* About this task *
Begin at the line with "#Derek Hough Gets" and output every line through the end of the records, exactly as given. Omit pictures.

--- Records supplied ---

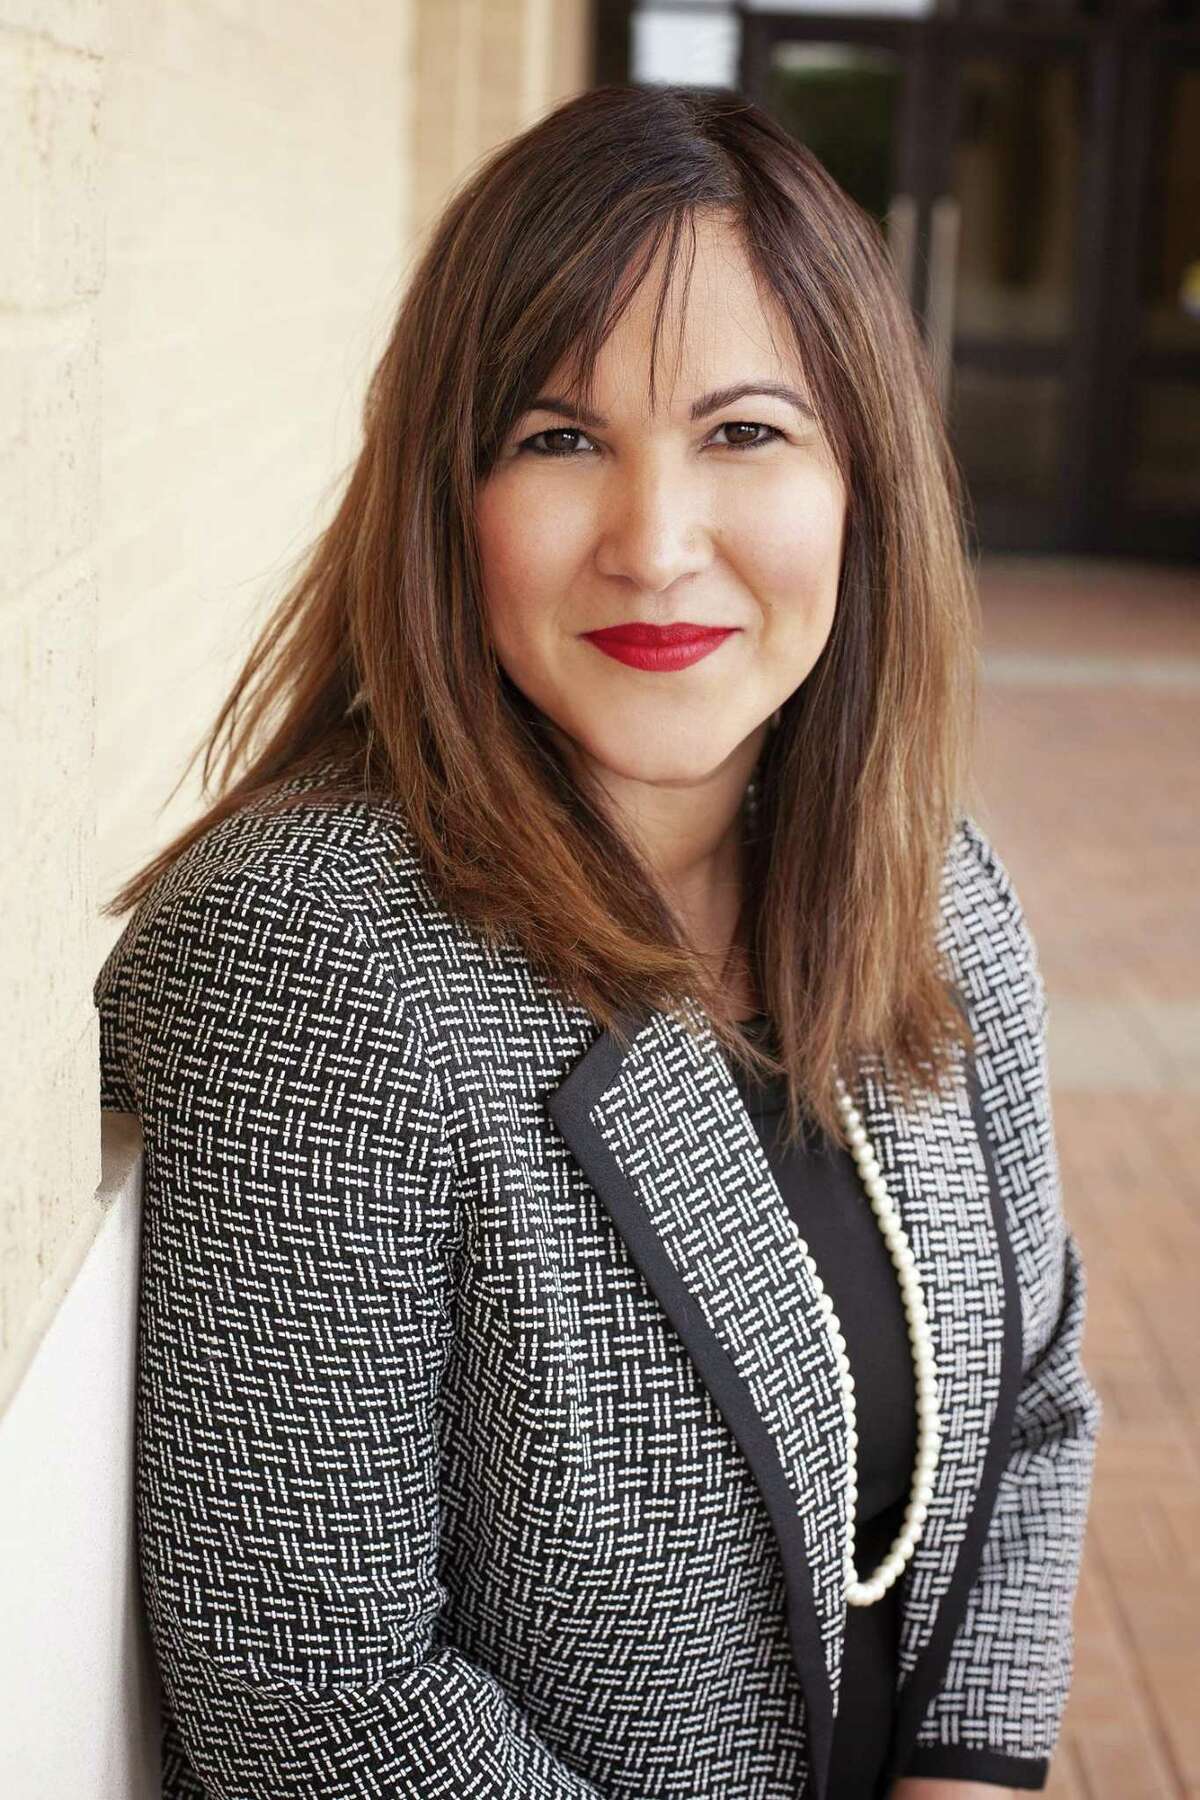 Arlene Serrano is running for the Place 1 seat on the Alamo Heights ISD board in the May 4 election.
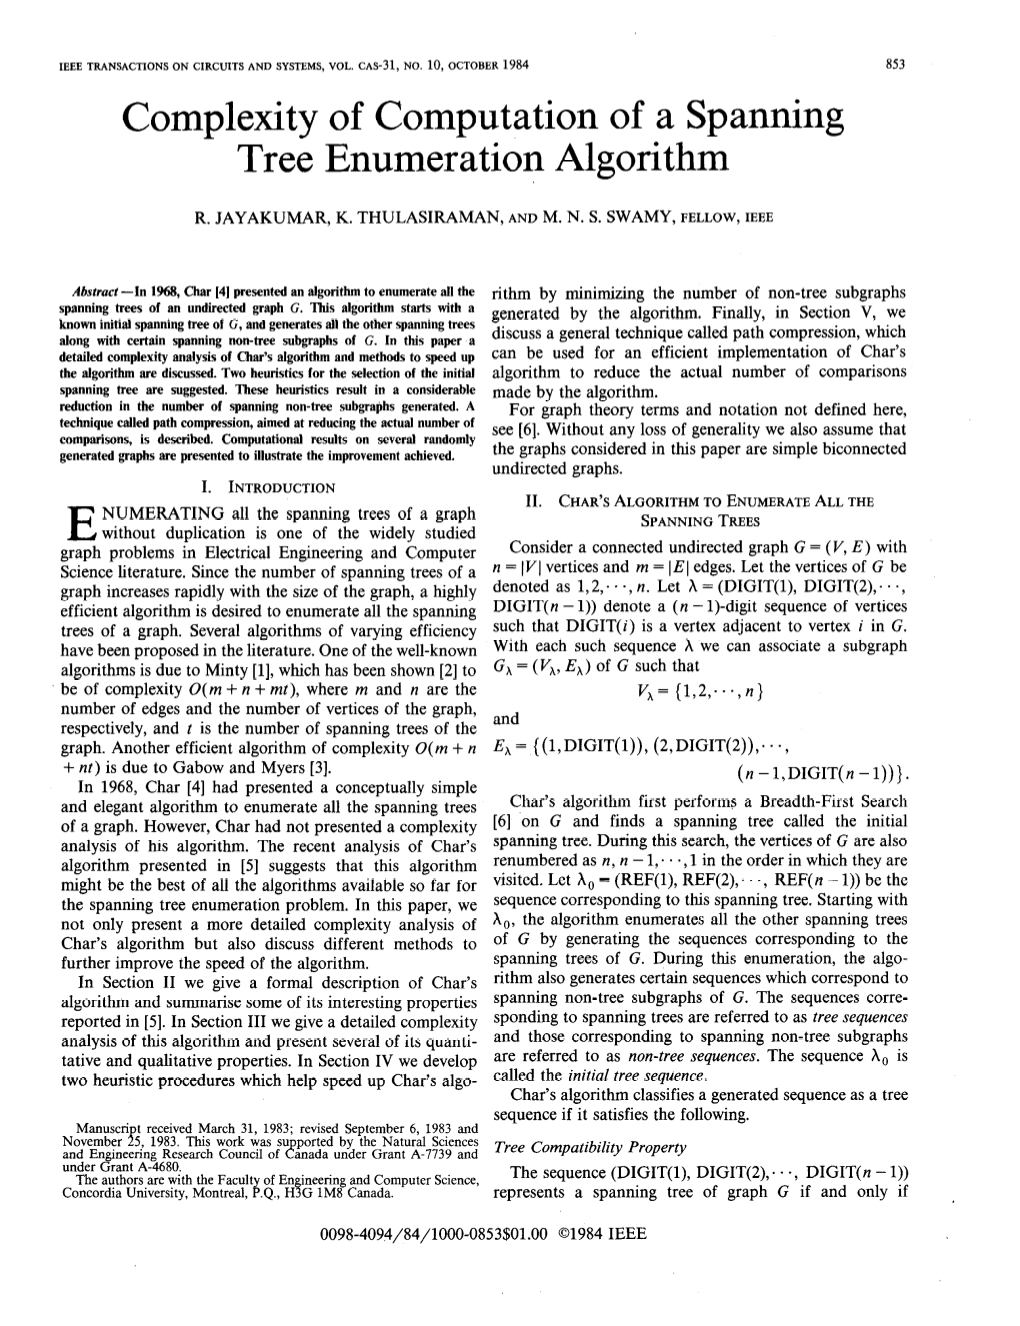 Complexity of Computation of a Spanning Tree Enumeration Algorithm
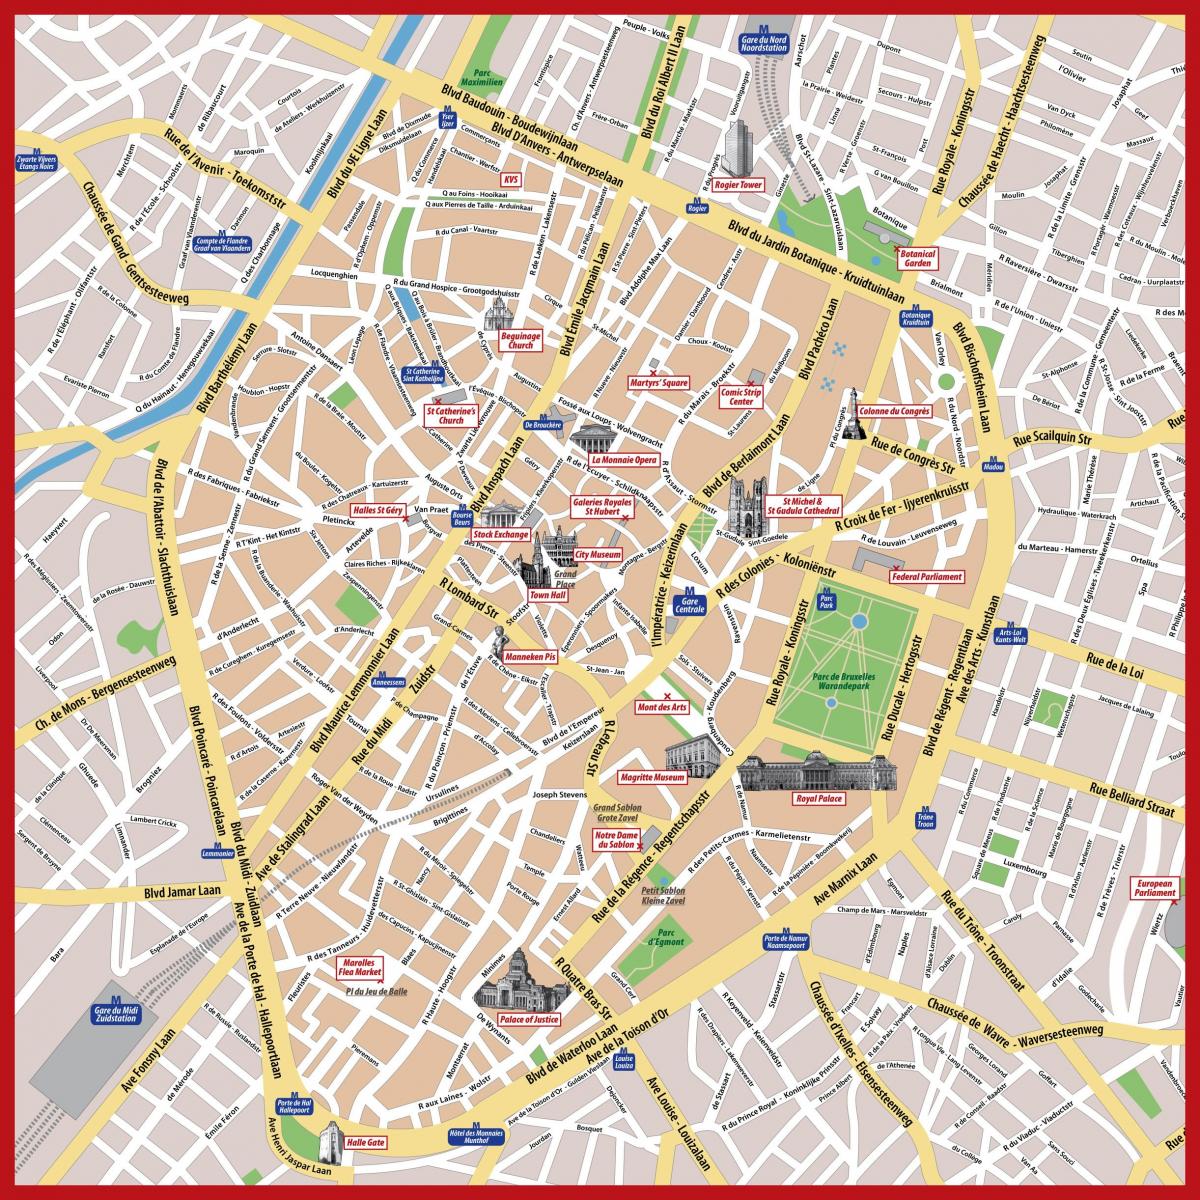 tourism Brussels map
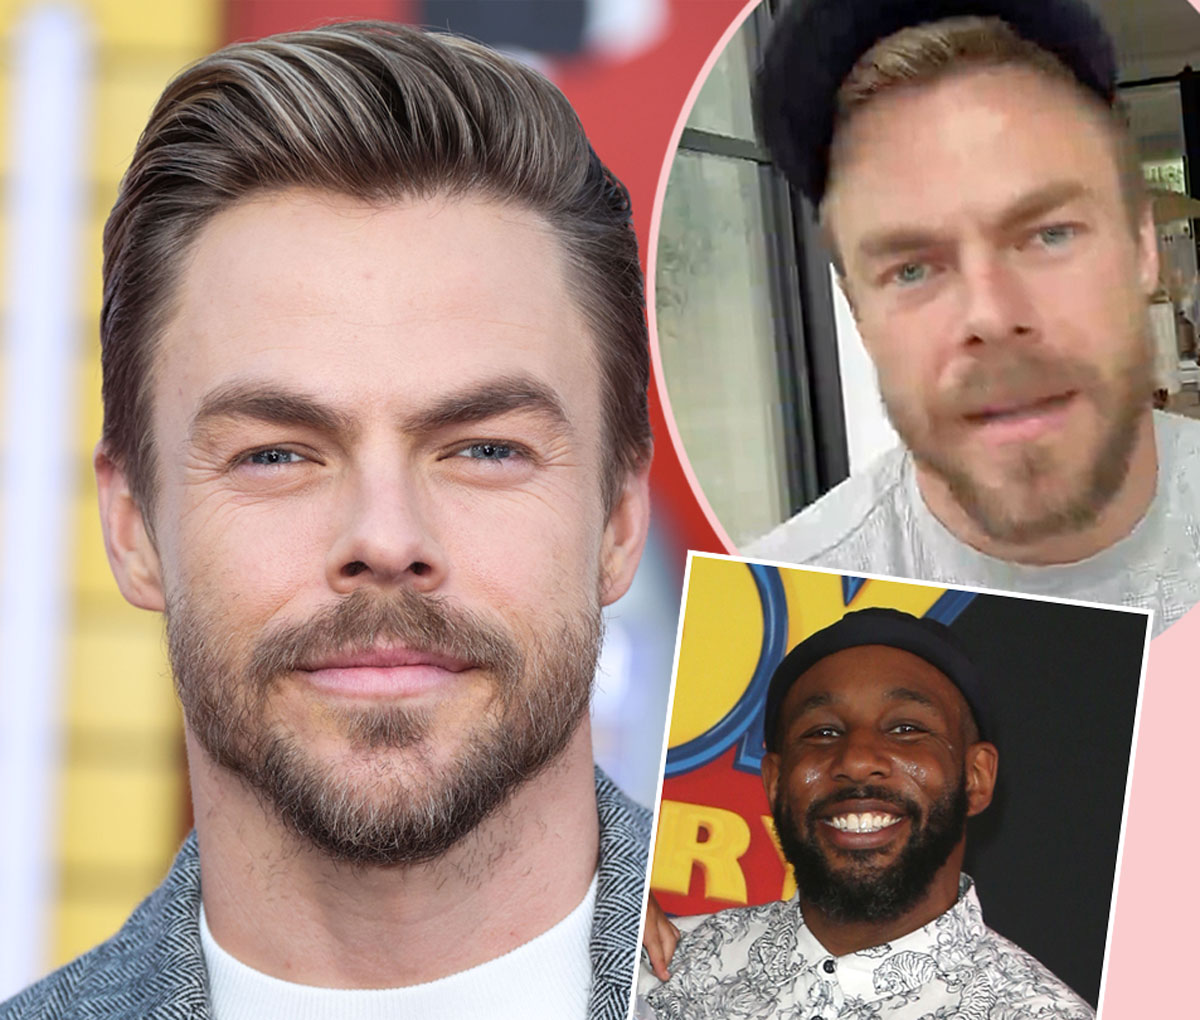 #Derek Hough Gets Emotional Revealing He Just Lost Someone Else To Suicide Right Before Stephen ‘tWitch’ Boss
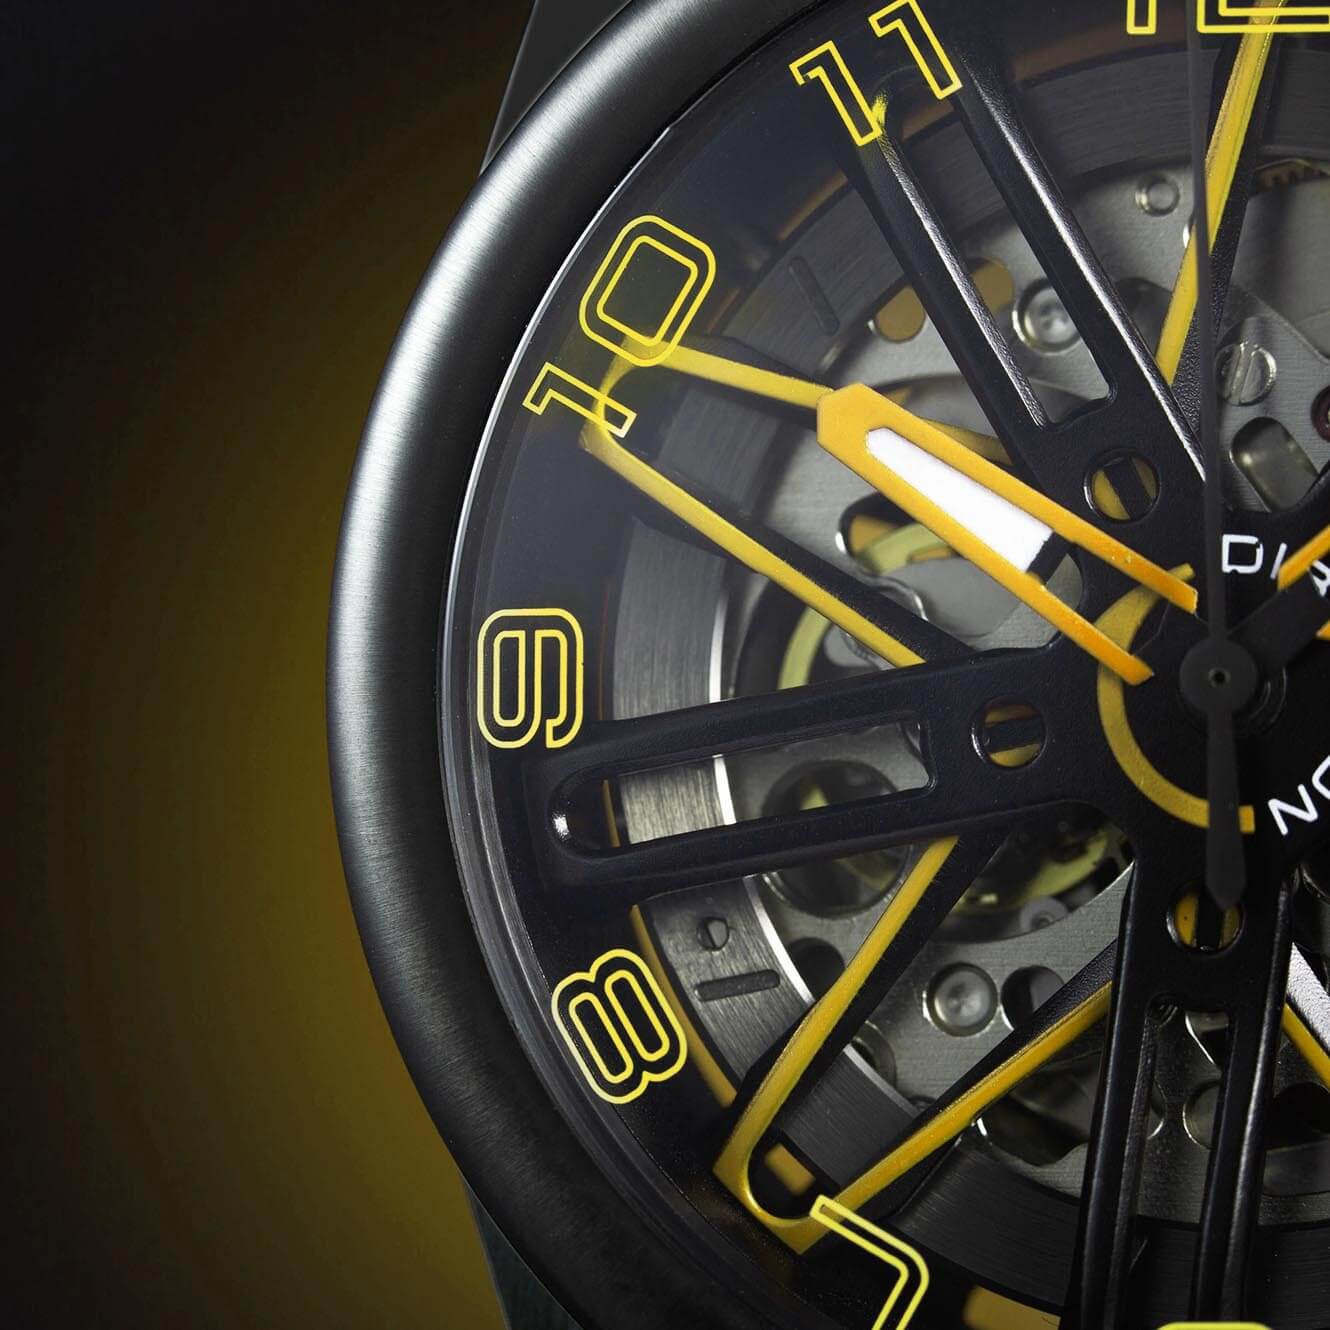 RIM GT Ø42mm in black and yellow | Mens Luxury Watches | Italian Designed Watches

---

* Solved exercise *
 #Derek Hough Gets Emotional Revealing He Just Lost Someone Else To Suicide Right Before Stephen ‘tWitch’ Boss
 RIM GT Ø42mm in black and yellow | Mens Luxury Watches | Italian Designed Watches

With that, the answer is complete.